GLENFIELD — White goats. Pink collars. Memorial donations for cancer victims. Put those three seemingly unconnected things together and what do you get?
In the case of Hidden Pastures Dairy in Glenfield, it’s a donation of thousands of dollars to Lewis County General Hospital’s Fund for Hope, which helps “defray some of the travel costs related to cancer treatments,” according to the fund’s webpage, and creates some very stylish goats.
This week, Blake Place, who co-owns the 240 goat Hidden Pastures Dairy with her husband Andrew, wrote a check for $2,070, from her #goatsinpinkcollars fundraiser that took place throughout the month of October.

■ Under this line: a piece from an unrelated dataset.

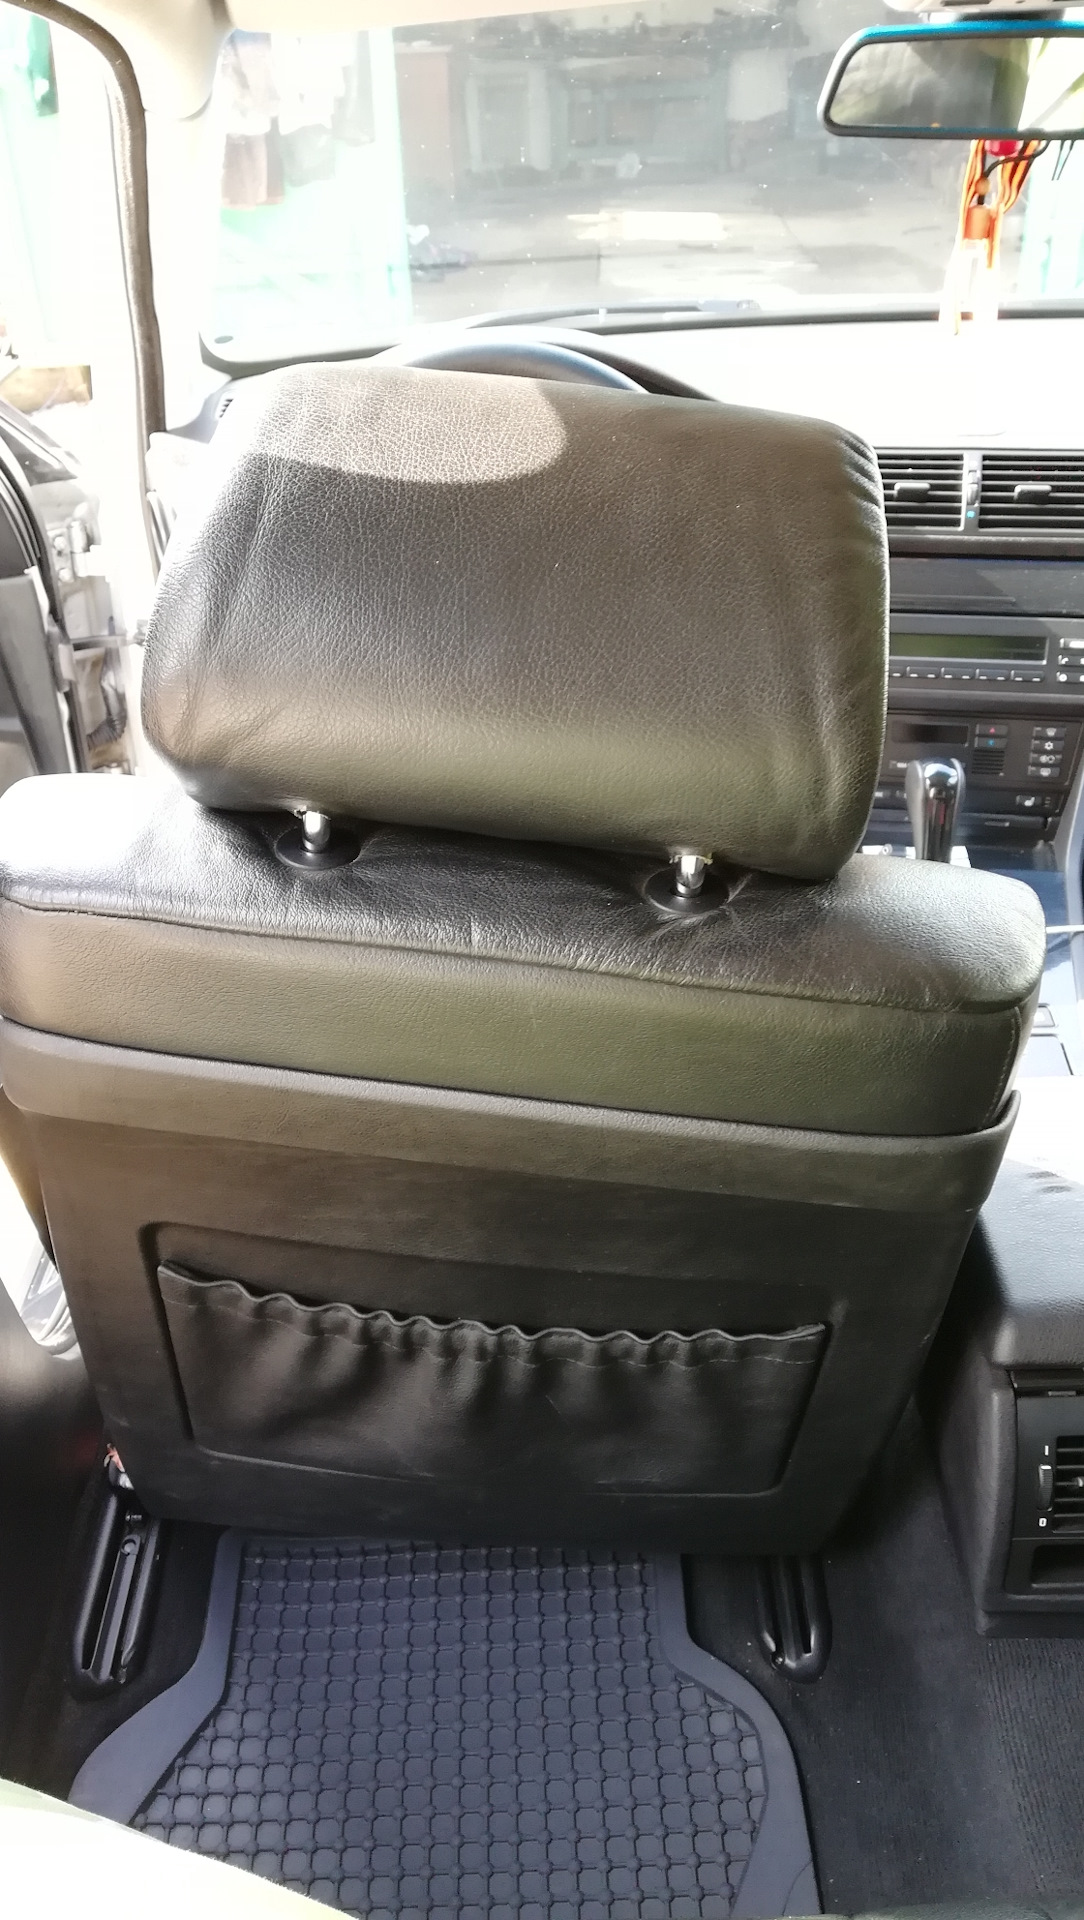 Водительское и пассажирское сиденье. Пассажирское сиденье. Вид с водительского сидения. Подушка в сидении пассажира.

“Someone said I should do something for “Paint the Town Pink” this summer. Originally, I thought about painting the goats pink, but that wasn’t really a good idea,” Mrs. Place said, “But from there, the collars came to me.”
Two hundred bright pink dog collars were donated by the Places’ farm nutritionist who, Mrs. Place said, preferred not to be named.
“That was my goal, 200. and as of November first, there were 207,” she said, noting that she was able to buy some extra collars to meet the demand.
To collar a goat, people went to the Hidden Pastures Dairy in person or to its website to donate $10 and, if they wanted, give the name of the person in whose memory the donation was made and any information about that person’s story they wanted to share.
Mrs. Place took pictures of the collar being put on one of her goats and posted it on the dairy’s Facebook page with whatever information was provided with the donation.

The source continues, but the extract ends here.